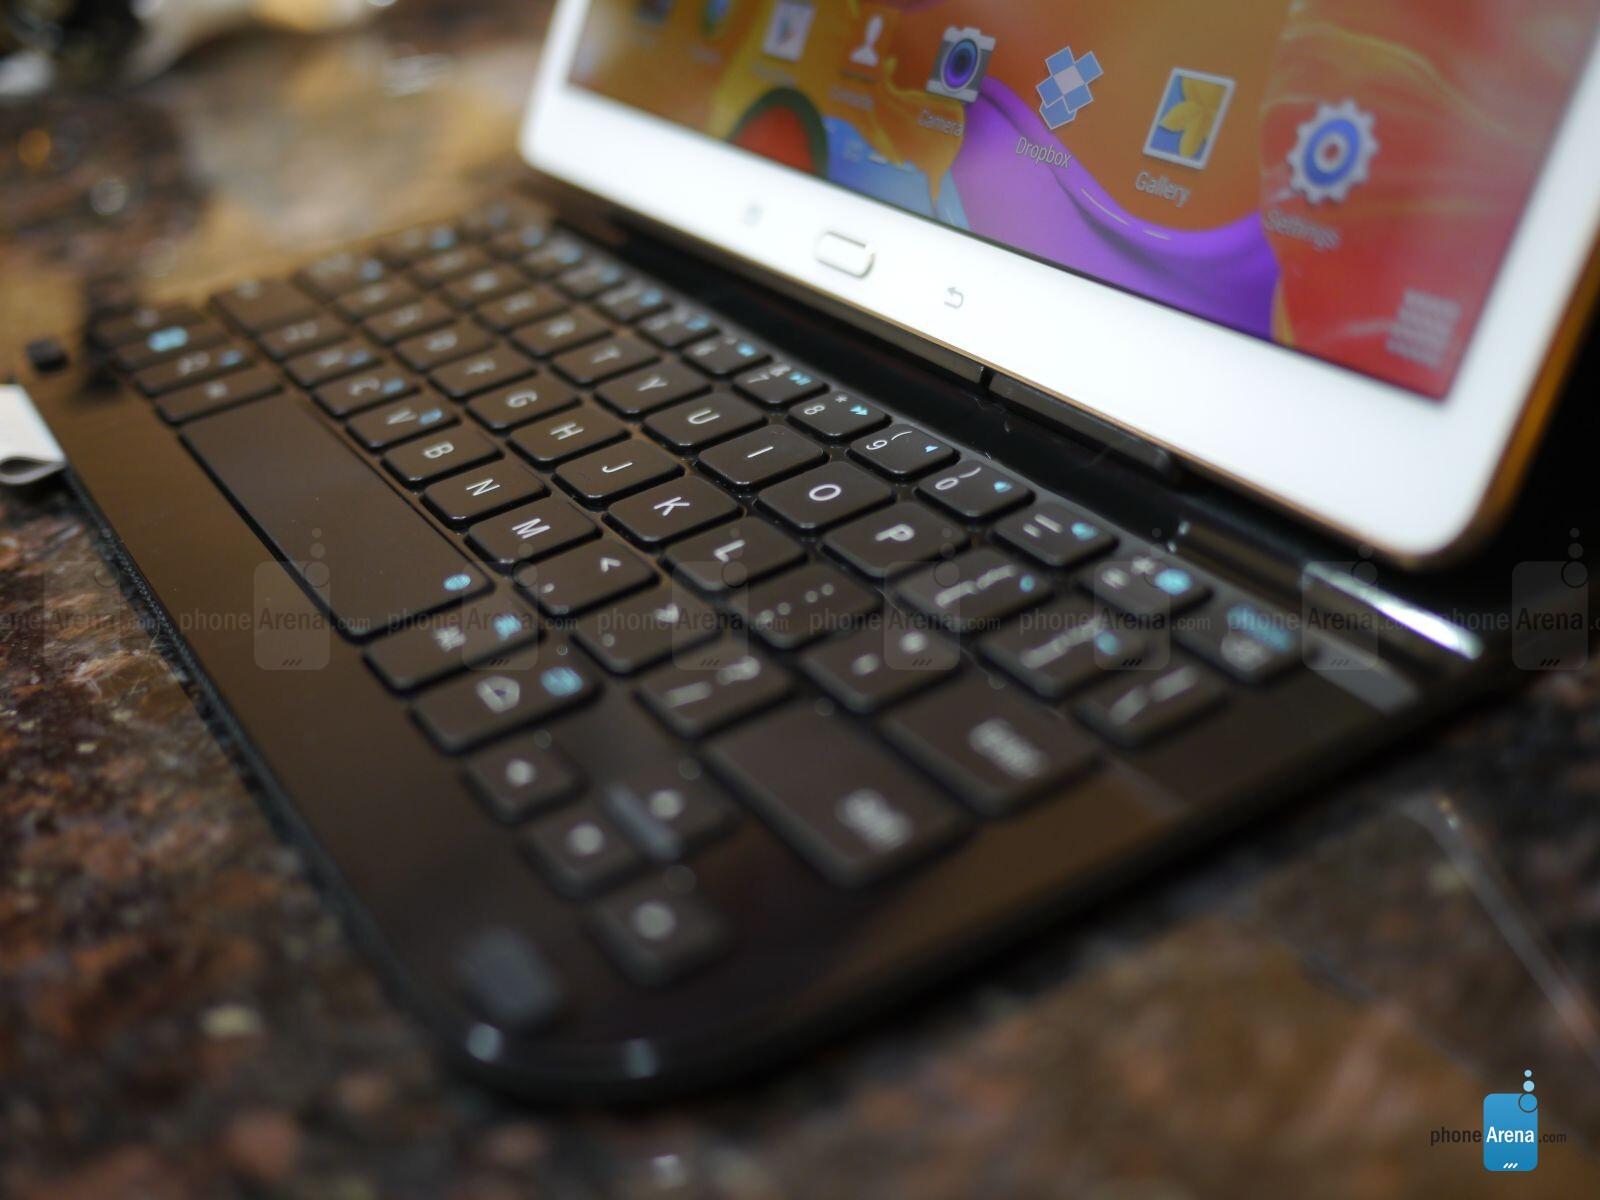 Samsung galaxy s5 keyboard case | Galaxy S8 Keyboard Cover
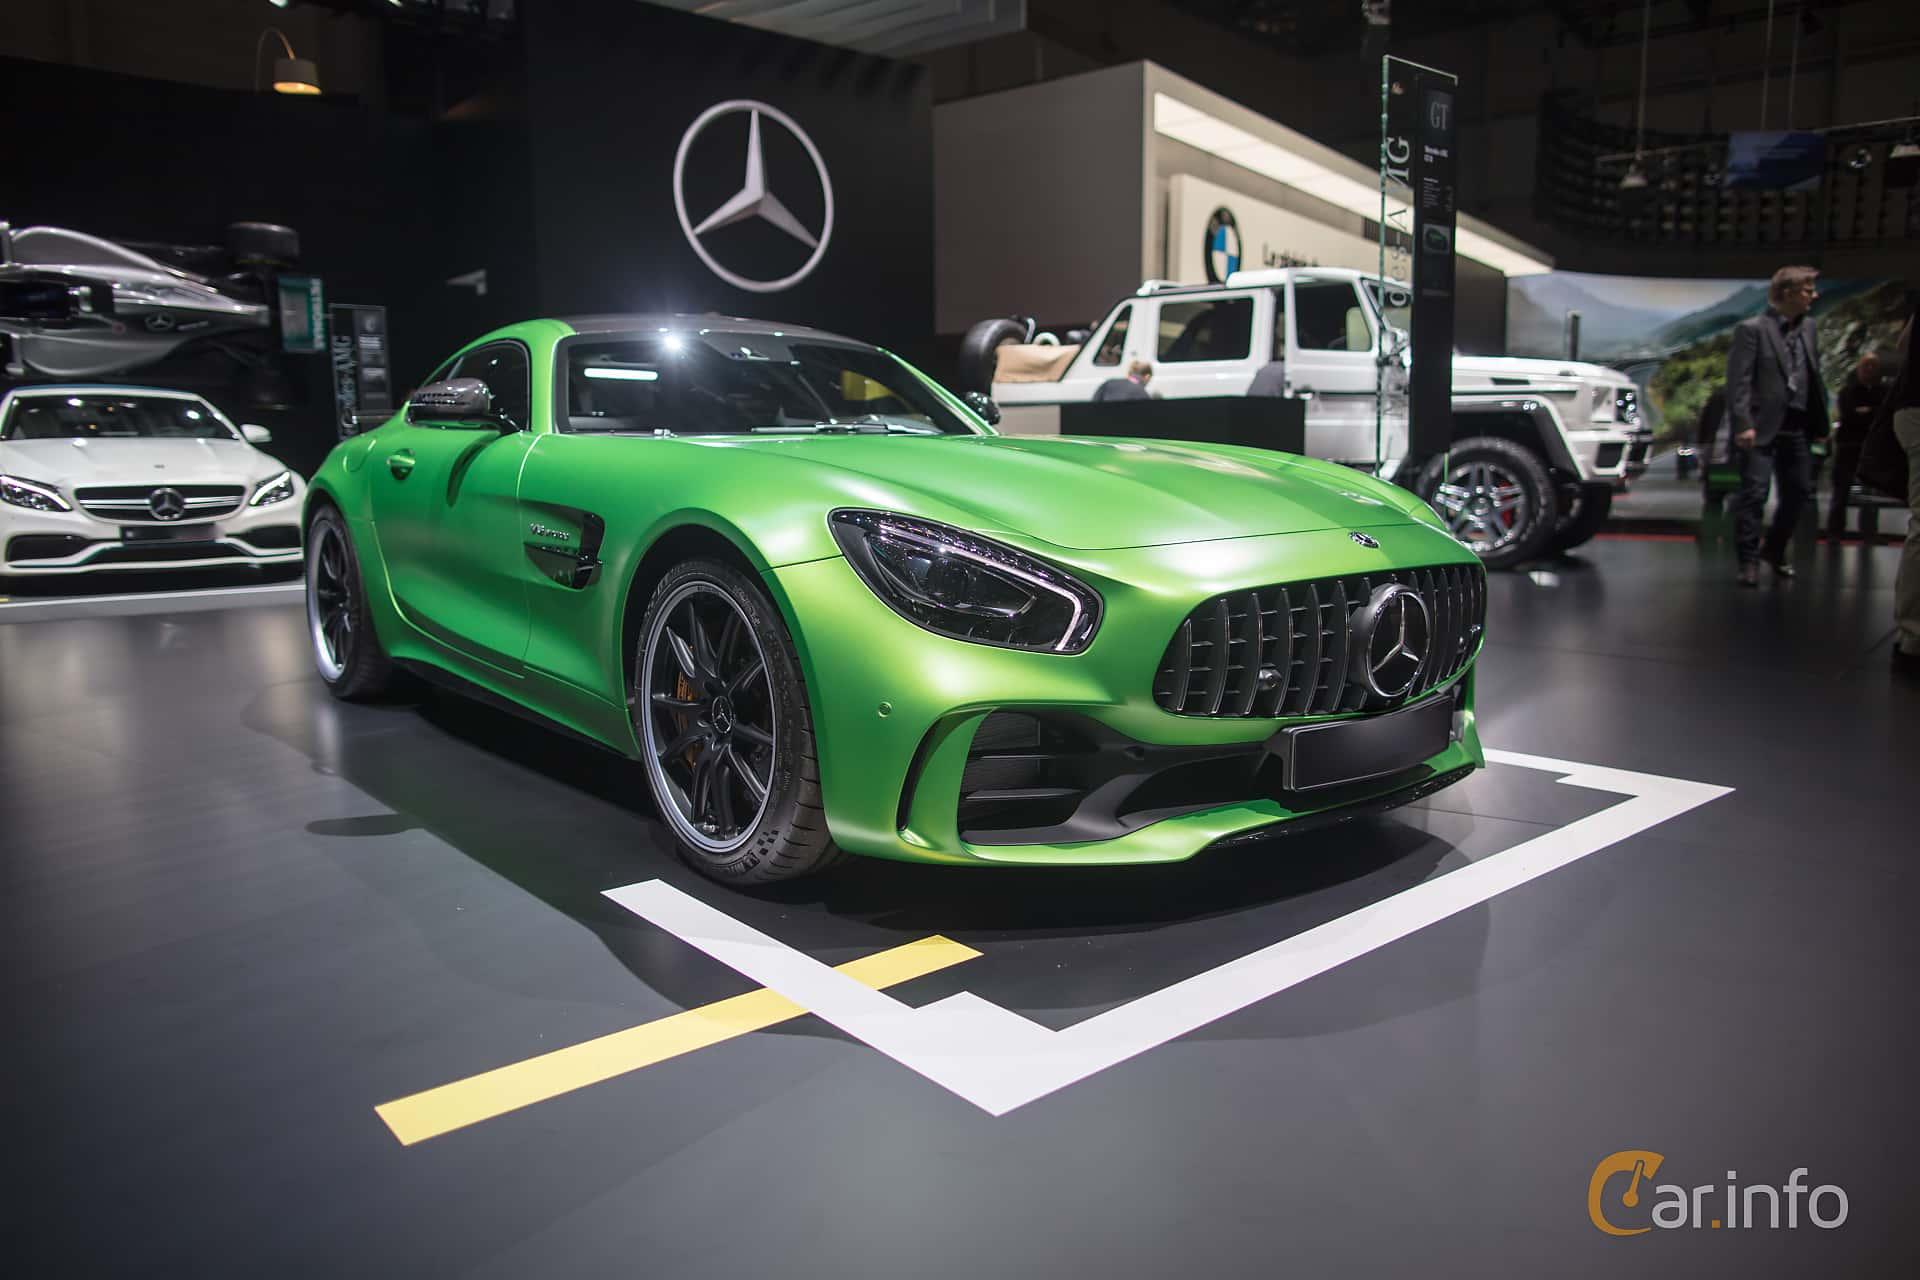 Mercedes-Benz AMG GT R  AMG Speedshift DCT, 585hp, 2017 at Geneva Motor Show 2017
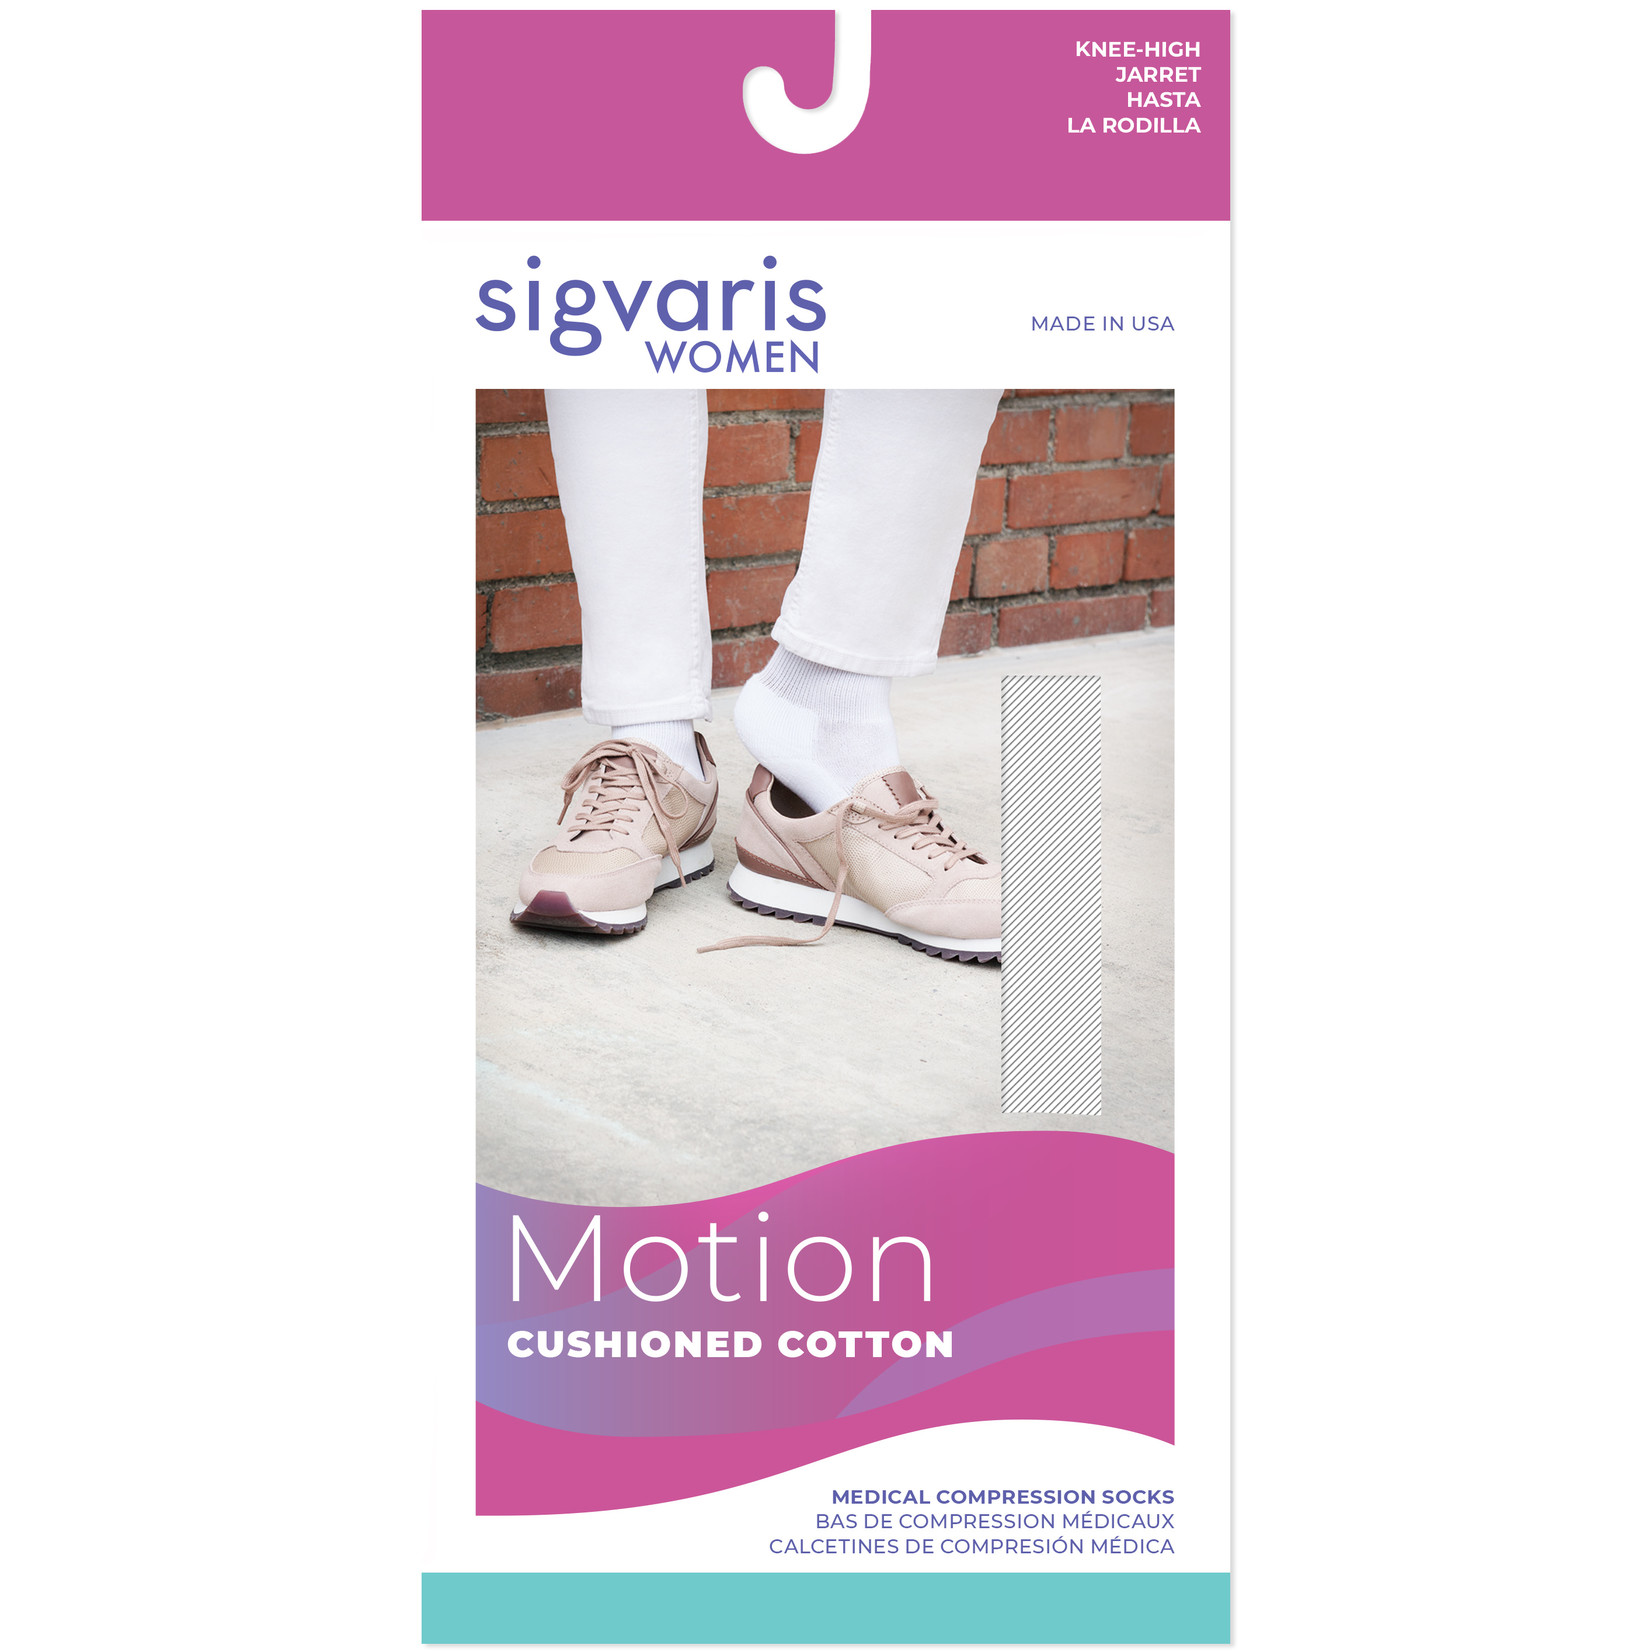 SIGVARIS Women's Motion Cushioned Cotton Calf 20-30mmHg
--------
> Assigned task
Provide the listing above once more, exactly, with the pictures removed.

> Completed task
 Samsung galaxy s5 keyboard case | Galaxy S8 Keyboard Cover
 Mercedes-Benz AMG GT R  AMG Speedshift DCT, 585hp, 2017 at Geneva Motor Show 2017
 SIGVARIS Women's Motion Cushioned Cotton Calf 20-30mmHg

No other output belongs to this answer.